== DIRECTIONS FOR THIS TASK ==
Output the data unchanged and complete, minus the images.

Top of GIVEN MATERIAL

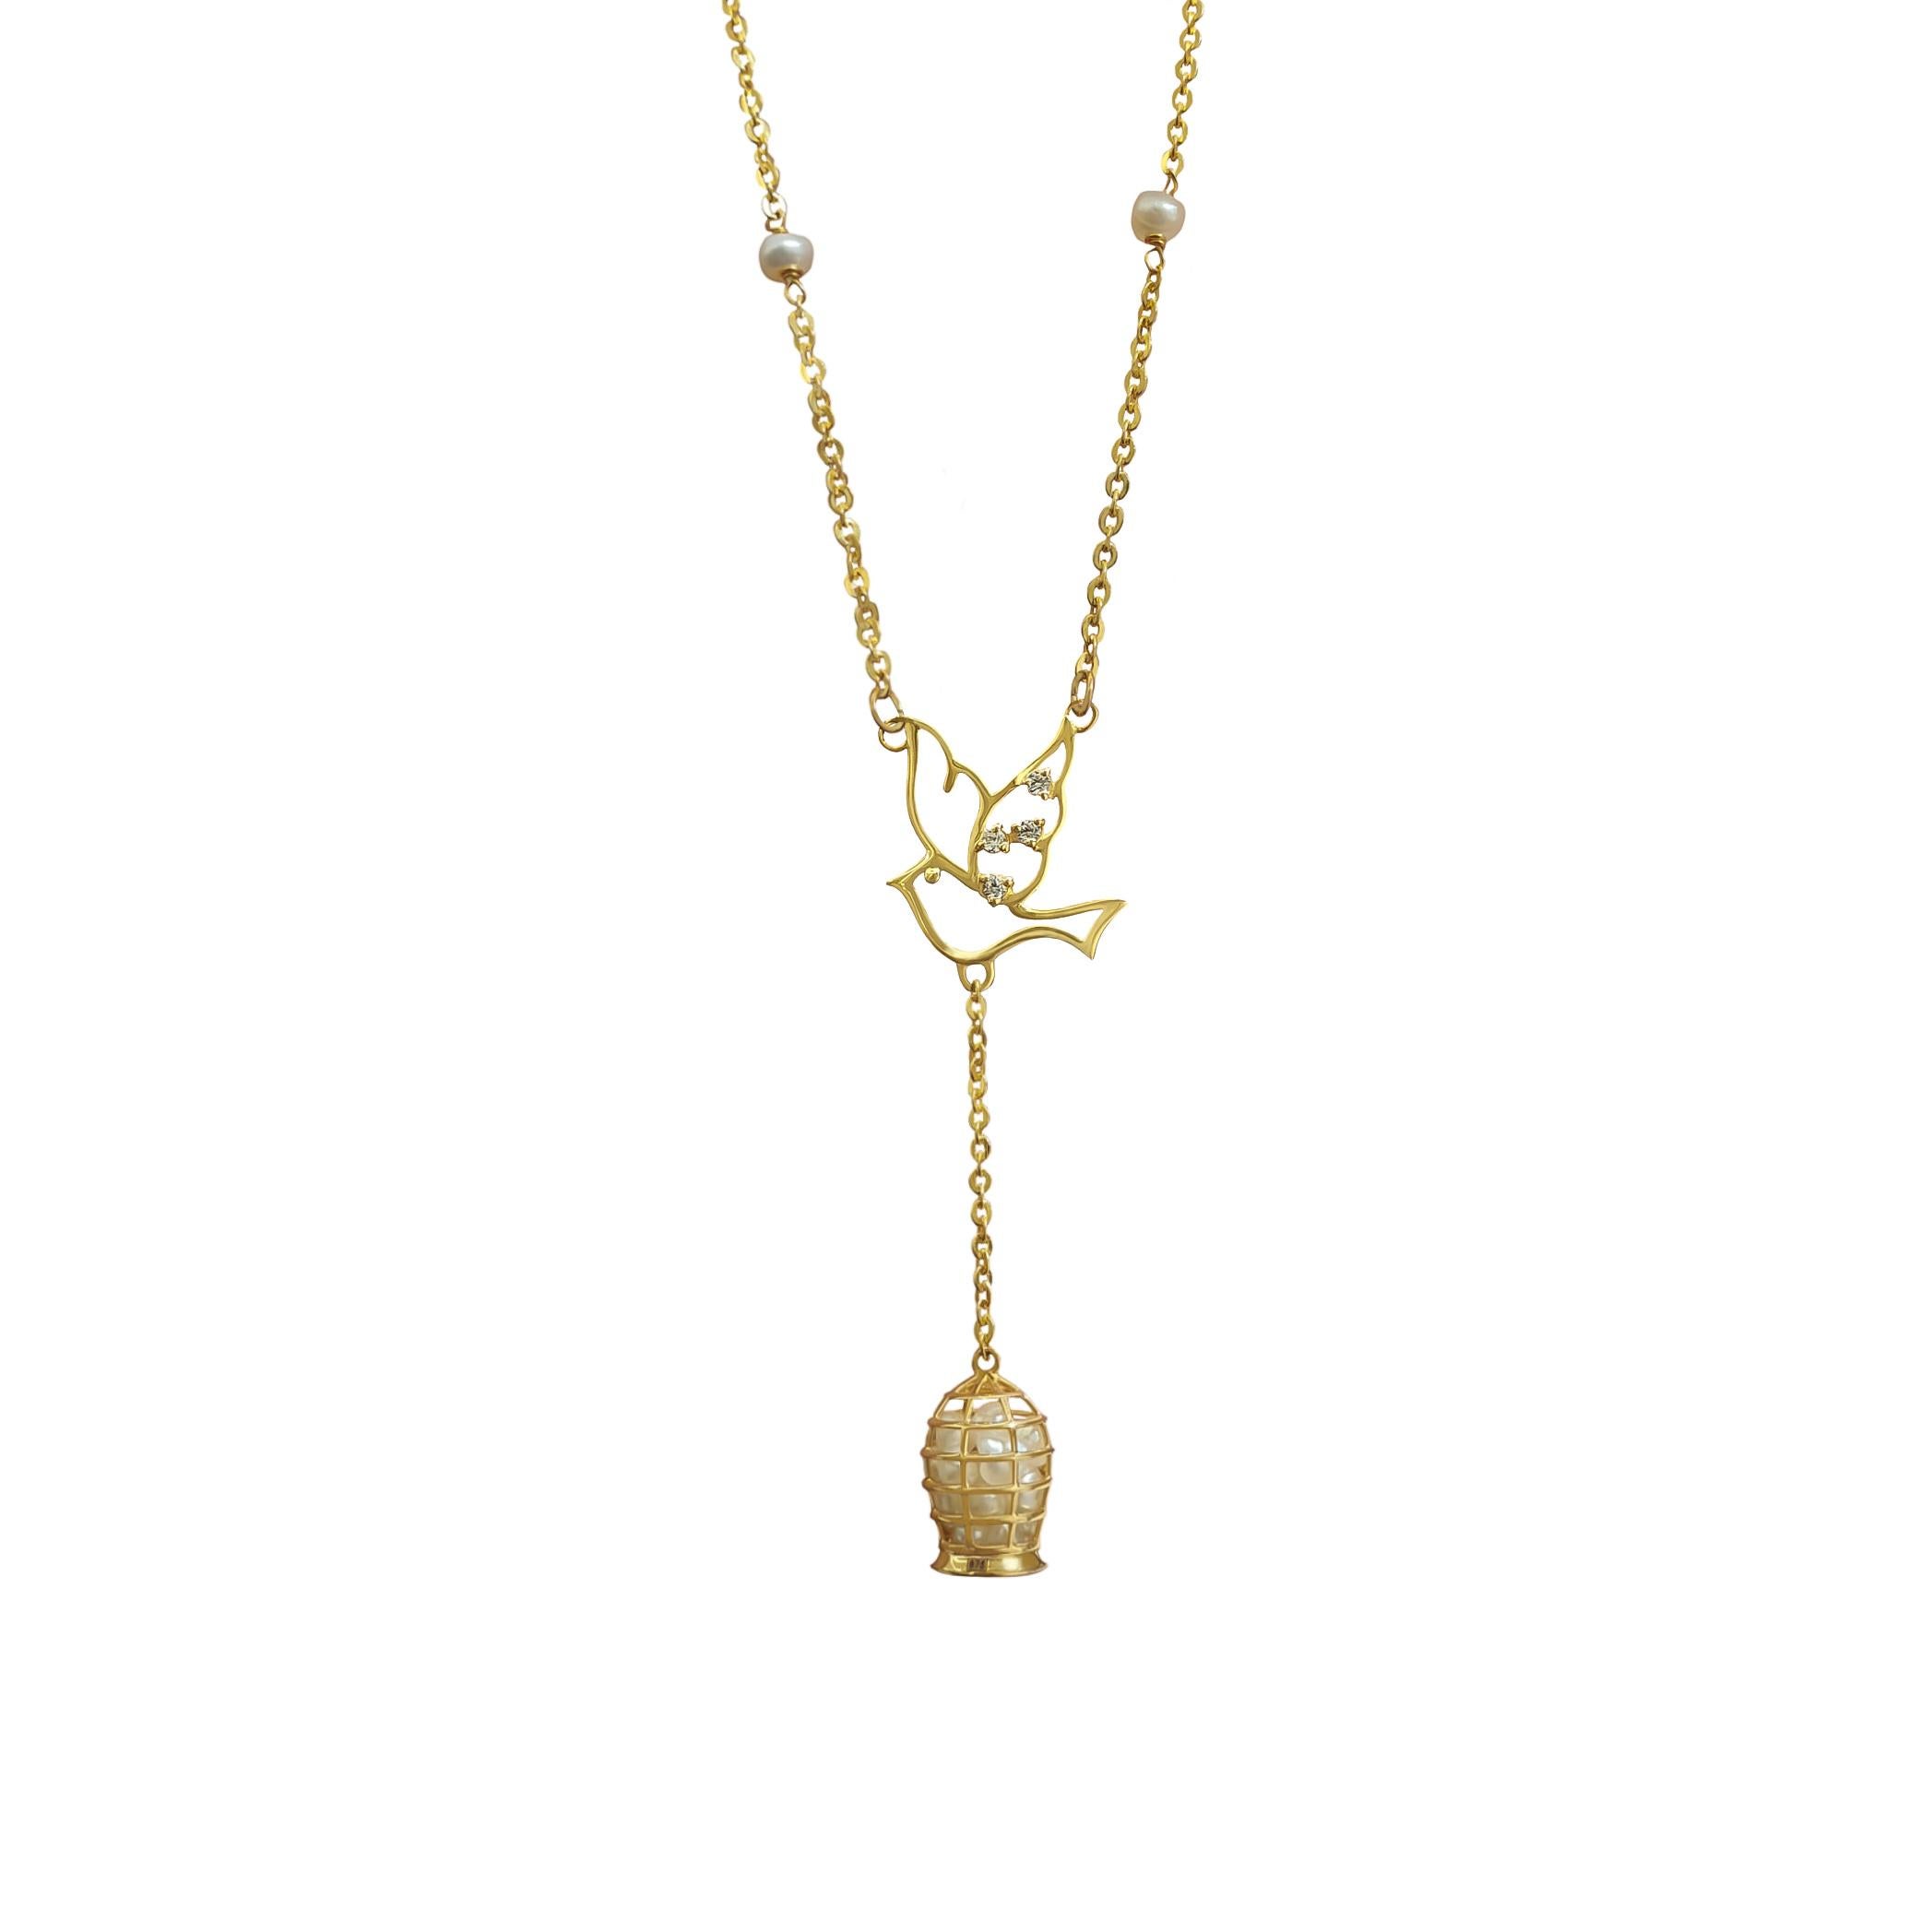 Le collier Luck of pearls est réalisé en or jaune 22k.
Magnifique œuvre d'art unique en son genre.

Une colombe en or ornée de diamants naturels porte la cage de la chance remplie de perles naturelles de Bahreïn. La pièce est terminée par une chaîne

Bottom of GIVEN MATERIAL

== COMPLETED TASK ==
 Le collier Luck of pearls est réalisé en or jaune 22k.
Magnifique œuvre d'art unique en son genre.

Une colombe en or ornée de diamants naturels porte la cage de la chance remplie de perles naturelles de Bahreïn. La pièce est terminée par une chaîne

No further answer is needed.